— На что ты намекаешь?..
— Я не намекаю, Никит, я говорю, что подам на развод.
— Наташа, — мое имя прозвучало с тяжелой интонацией в которой слышалась угроза, — я понимаю, что ты сейчас на эмоциях, но я не понимаю таких шуток.
— Это не шутка, — ответила я. — У меня очень сильно болит голова. Не звони больше, — сказала я и сбросила вызов.
В висках пульсировало с такой силой, что я боялась сделать лишнее движение. Сидела неподвижно, глубоко дыша и борясь с накатывающей тошнотой.
— О, боже. Какая же ты белая! — мама зашла в комнату сразу, как я закончила разговор, забрала телефон из рук. — Сейчас принесу таблетку. Точно давление. Сейчас.
— Нельзя, мам, — напомнила я на автомате.
Два года безуспешных попыток забеременеть. Десятки консультаций, литры слитой для анализов крови, бесконечные УЗИ, планирование, подсчеты. И это обесценилось за мгновение.
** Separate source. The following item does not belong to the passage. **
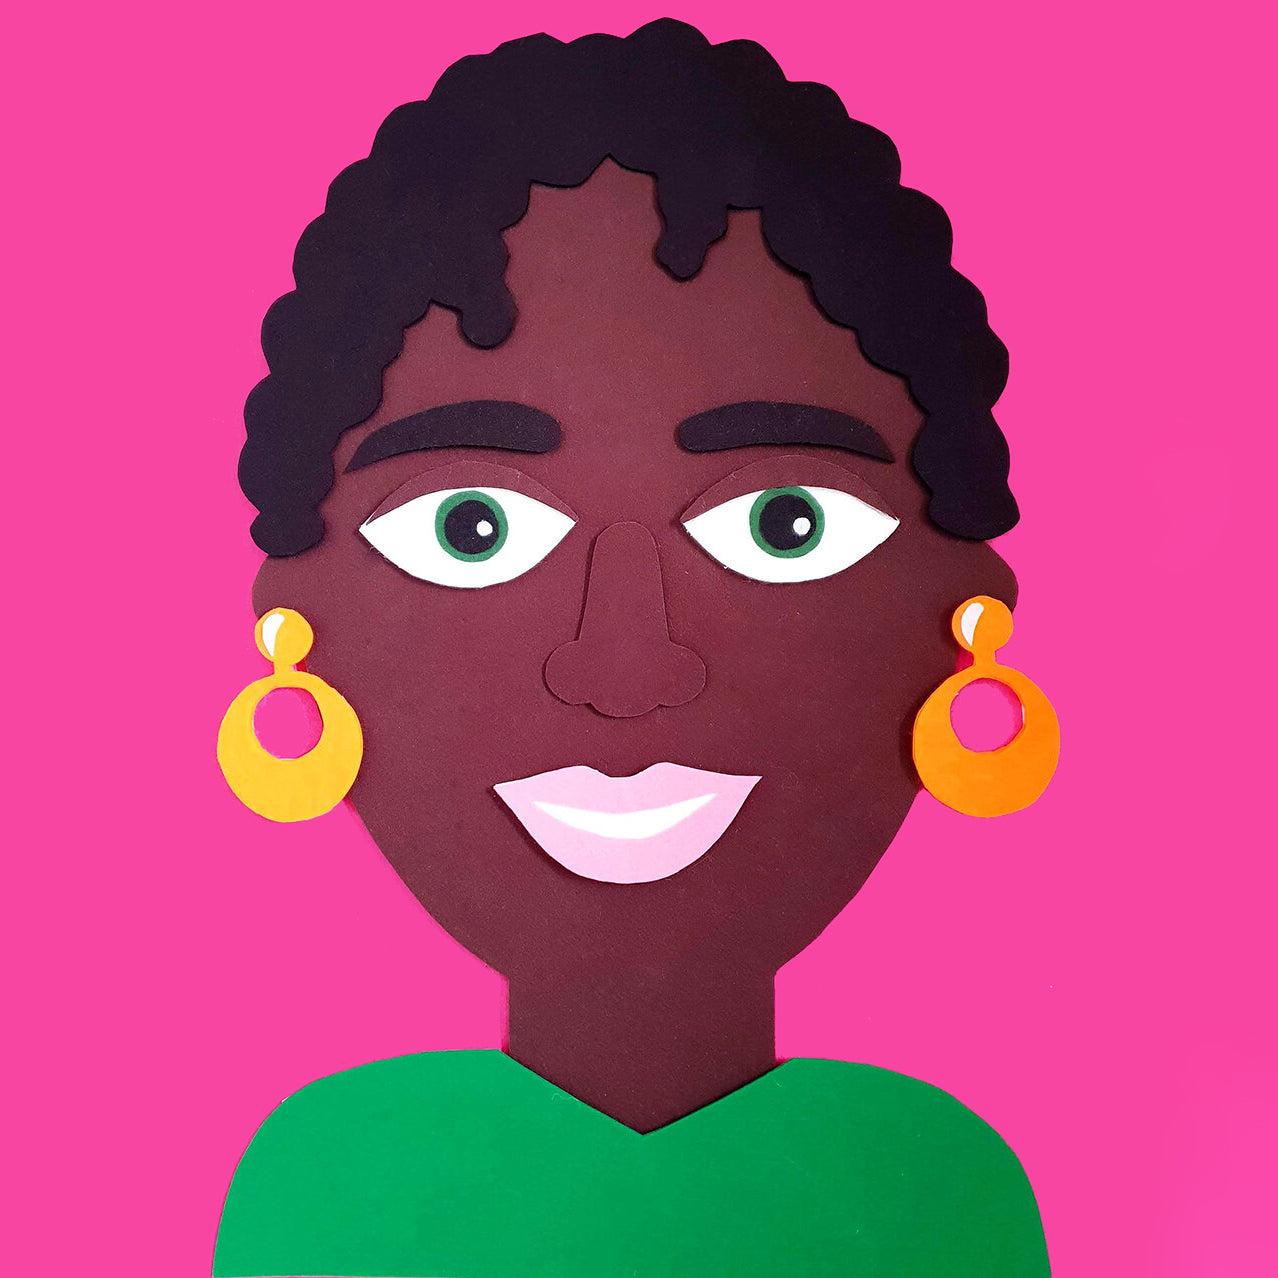 A felt collage illustration of a brown woman with short black natural hair, on a magenta background.

Пшик, и ничего больше нет.
Нет доверия.
Нет любви.
Нет семьи.
Только сожаление. И чувство совершенно неправильной и пугающей радости, что у нас с Никитой ничего не получилось.
— Неси, мам. Очень болит.
Я старалась не думать ни о чем. Не перебирать в памяти случаи, когда Никита задерживался, когда слишком резко реагировал, если я брала в руки его телефон, когда забывал позвонить, уехав в командировку. Не получалось. Так можно было сойти с ума!
Хотелось выть от обиды. От боли. От злости и бессилия.
А еще я боялась.
Боялась, что Никита приедет к маме. При ней он не посмеет вести себя грубо, но он захочет поговорить со мной, постарается увести домой.
Боялась понедельника, когда мне придется прийти на работу. Подняться на четвертый этаж, пройти в отдел кадров и отдать им заявление. К тому времени все коллеги будут знать о случившемся на юбилее Власова. Уверена, чаты уже кипели новой сплетней.
Вечер субботы и почти все воскресенье я провела в постели. Проваливалась в сон, просыпалась, смотрела расфокусированным взглядом в телевизор, ела, когда мама приносила что-то и вкладывала в руку тарелку, пила.
— Наташ, так нельзя, — сказала она, когда я, щелкнув пультом, легла на бок и накрылась одеялом почти с головой. — Я не могу на тебя смотреть. Сердце разрывается, — она присела на край постели и принялась гладить меня по голове. Нежно-нежно. Как в детстве. — Маленькая моя, жизнь не заканчивается на одном неудачном опыте?
— На двух? — спросила я хмыкнув.
— Бывает и так. Ты уже взрослая, сама все понимаешь.
— Не хочу понимать, — ответила я.
В понедельник я смотрела на себя в зеркало и не узнавала. Я словно постарела лет на пять. Безжизненный взгляд, уголки губ, опущенные вниз, как бы я не хотела улыбнуться — не выходило.
Я не нашла силы вернуться в ту квартиру, где мы жили с Никитой, переодеться и взять косметику, воспользовалась тем, что нашла у мамы. Она всегда была женщиной стройной, даже худощавой и когда впервые Никита увидел ее, сказал мне на ухо: “А ты шикарно будешь выглядеть в любом возрасте. Я не прогадал”. Сказал так, чтобы это услышала и сама мама.
— Надень мои туфли. Тяжело весь день ходить на таких каблуках, — предложила она, когда я выбрала в ее гардеробе простую шелковую блузу и длинную юбку. Одежда была немного великовата, но не смотрелась на мне смешно.
— Я только отдам заявление и уйду.
Я так думала ровно до того момента пока не вошла в отдел кадров и не протянула документ Татьяне Федоровне.
— Я не могу у тебя его принять, — сказала она, даже не посмотрев в написанное.
— Почему?
— Вадим Сергеевич просил не принимать.
5. Глава 5
— Что значит не принимать? — спросила я. План, что я строила в голове все воскресенье, рушился.